Moller recollects that Lydiard would always tell his most famous proteges - Peter Snell, Murray Halberg and Dick Quax - that they were the best in the world and they believed him. She began her career in an era where New Zealand were world leaders in running and, as a result, never doubted her ability to foot it with the best.
Sadly, she said, that is not the case anymore. She believes New Zealand's aspiring athletes are struggling without the mentors of yesteryear passing on their knowledge and experience.
"Running [in New Zealand] got left behind by being so entrenched in the amateur code and the world was moving ahead and now it is suffering. They have been a bit sleepy."
Moller was disappointed when she was never approached by New Zealand Athletics to talk to the new breed of runners coming through the ranks. While the golden days of New Zealand athletics might be in the past and current talent like Nick Willis and Adrian Blincoe spend most of the year abroad, Moller is adamant that home-grown Kiwi talent can still beat the world's best.
"It was never a matter of funding, people bandy about all sorts of solutions. We have the talent - it is a matter of creating the right environment again for them to excel and mentors are a big part of that."
Moller has always been a driven, determined individual. When she sprinted on to the international running scene as a barefooted 17-year-old she was sure that she was going to be around for a while. She was right. Her running career lasted another 28 years and included three bronze medals at the Commonwealth Games in middle-distance running and her career highlight - a bronze in the marathon at the 1992 Barcelona Olympics.
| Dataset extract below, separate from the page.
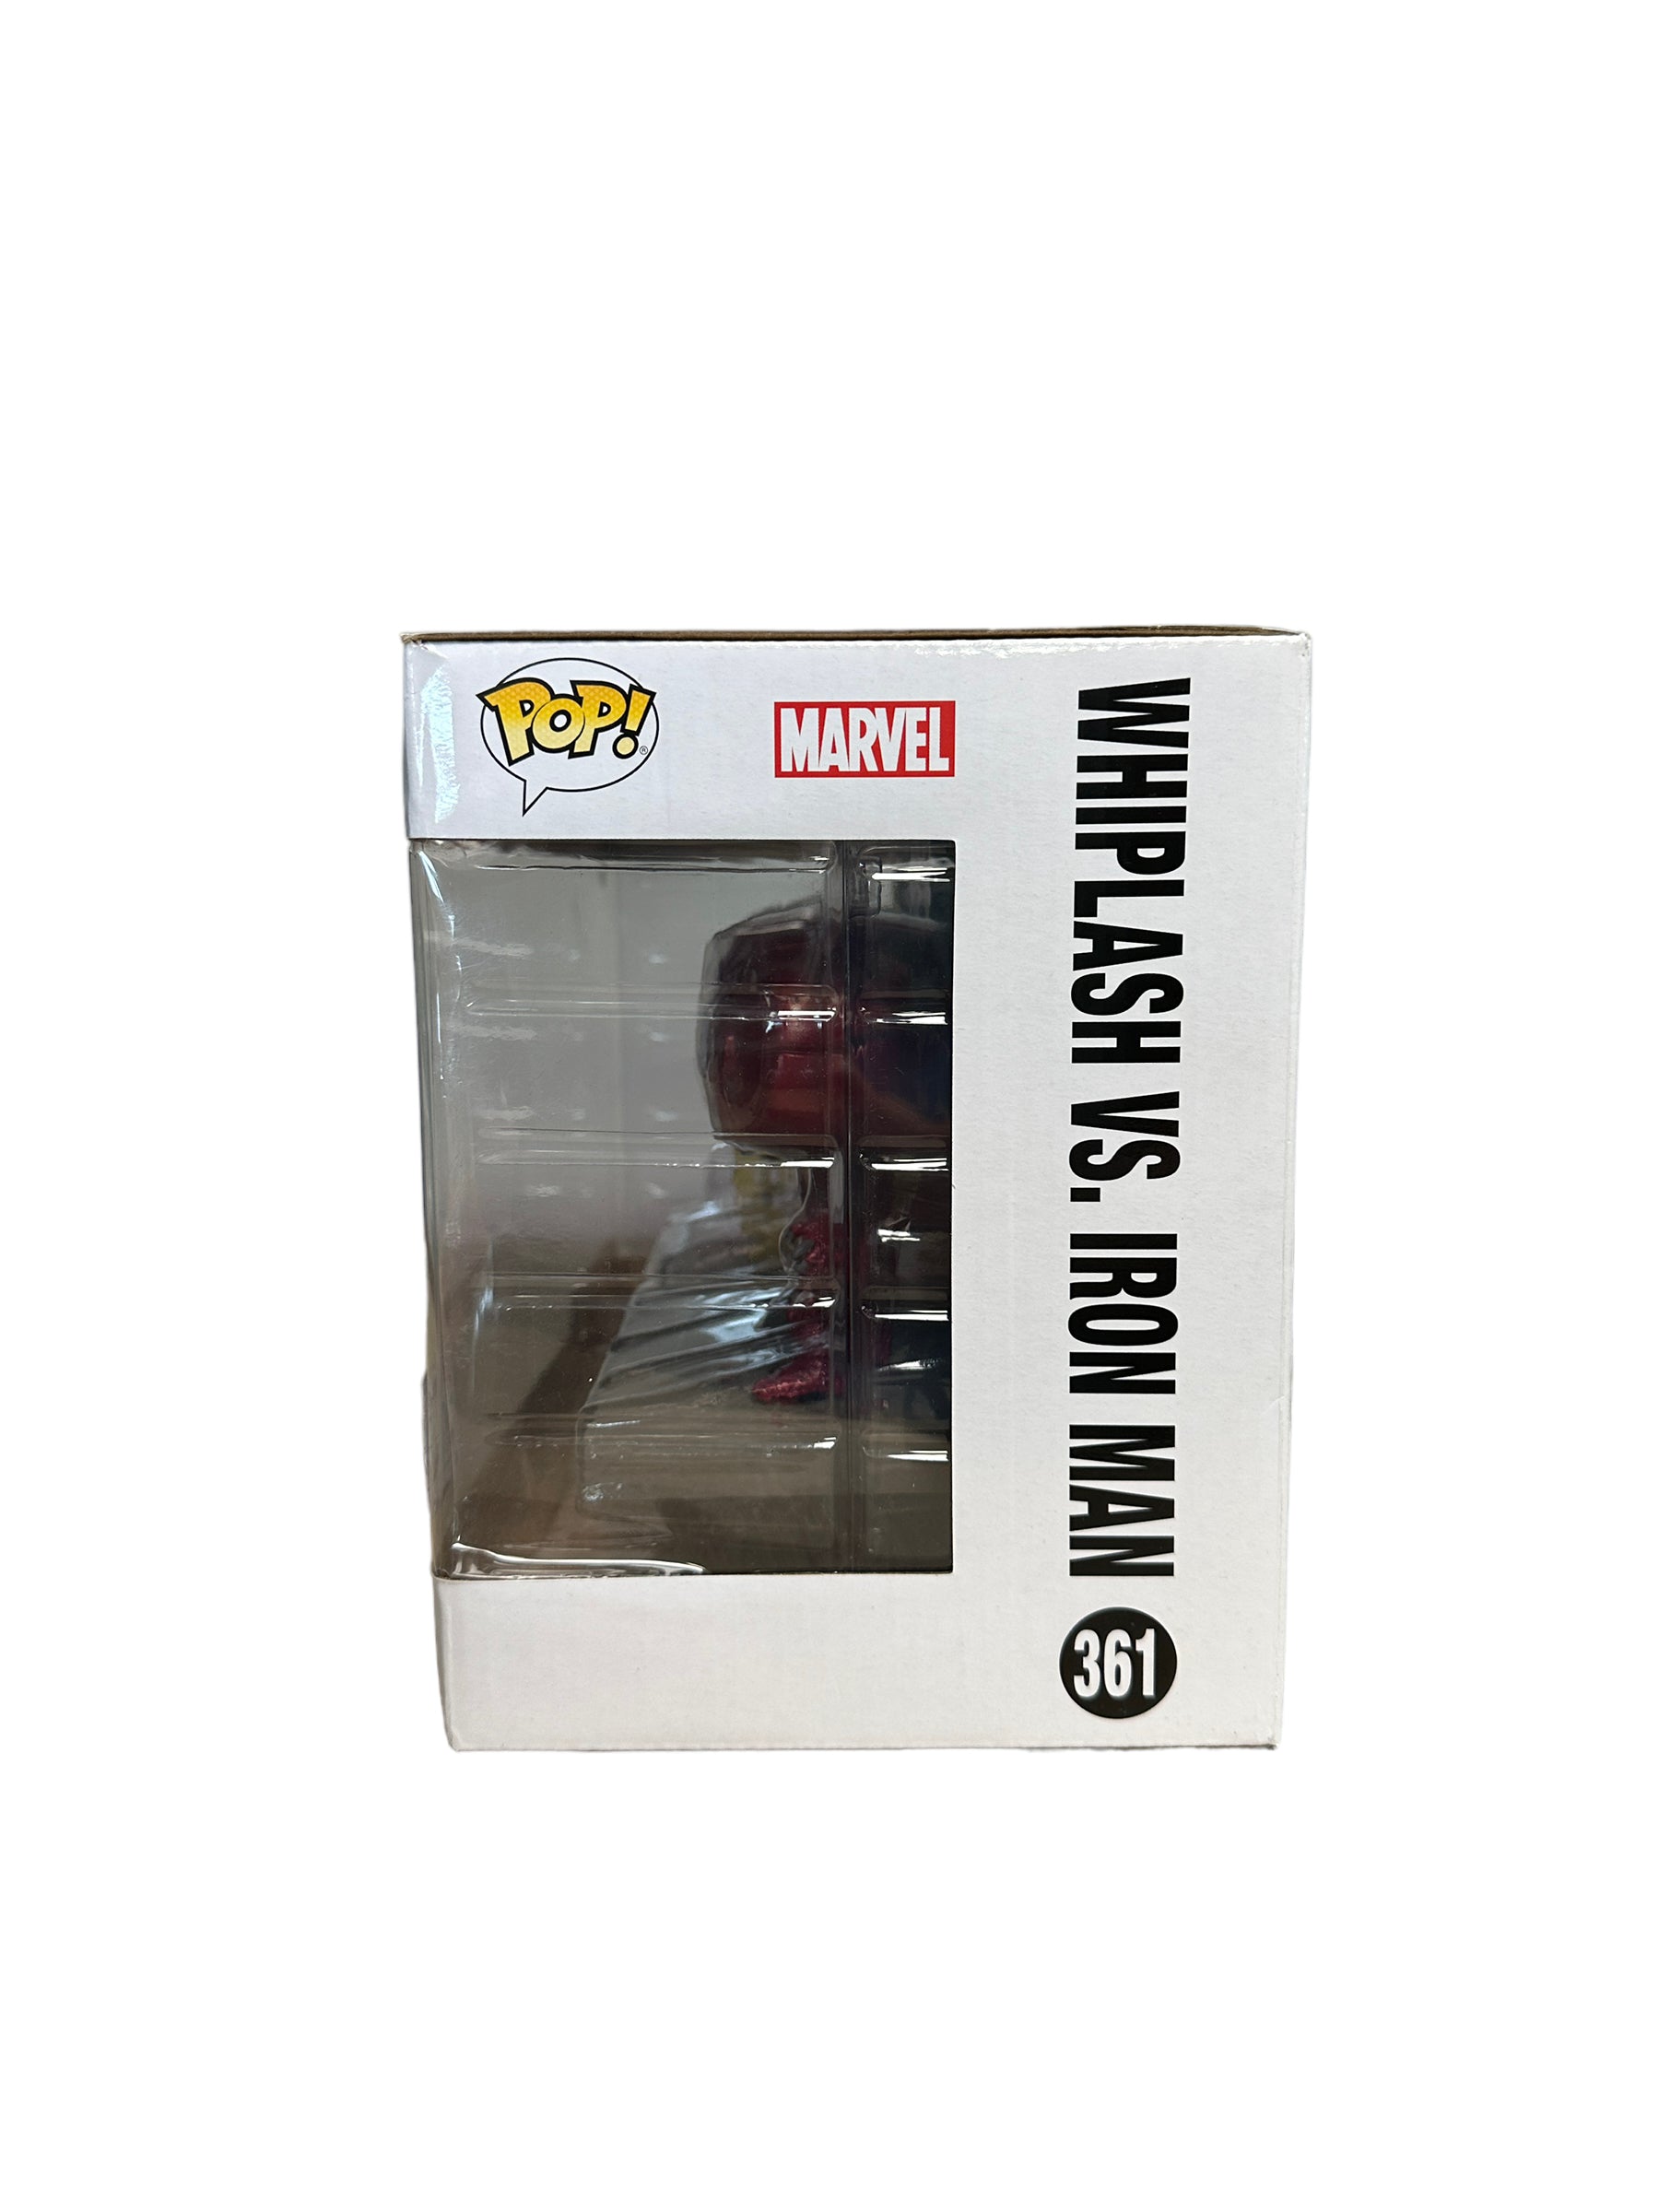 Whiplash Vs. Iron Man #361 Funko Pop Movie Moments! - Marvel Studios First Ten Years - Marvel Collector Corps Exclusive - Condition 7.5/10

Long-distance running was where Moller excelled - she is the only woman to have run four marathons at the Olympics - and remains the oldest female medallist, at 37.
She shrugs off the tag of being something of a legend and it doesn't fit her amicable, down-to-earth persona. "You mellow as you get older and your ego takes a little more of a rest," jokes Moller. "I look back and say 'I was there, I did that'. I feel I took part in a bit of history and helped break several barriers that were stopping women's athletics - it was a great time."
Moller was the first woman that Lydiard coached and has now spent the past 26 years in the States. She is involved in coaching and inspirational speaking and is also the Vice President of Hearts of Gold, a charitable organisation that raises money through running events in Japan, Cambodia and Mongolia.
Moller is also in the process of collaborating her book, On the Wings of Mercury, named after the Roman God, the "original runner" with winged feet. She still runs herself, three-four times a week around her Colorado home.
The joy of her life now, along with husband Harlan Smith, is her five-year-old daughter Jasmine.
"I thought she'd be the only thing that could fulfil me as much as running - and she has."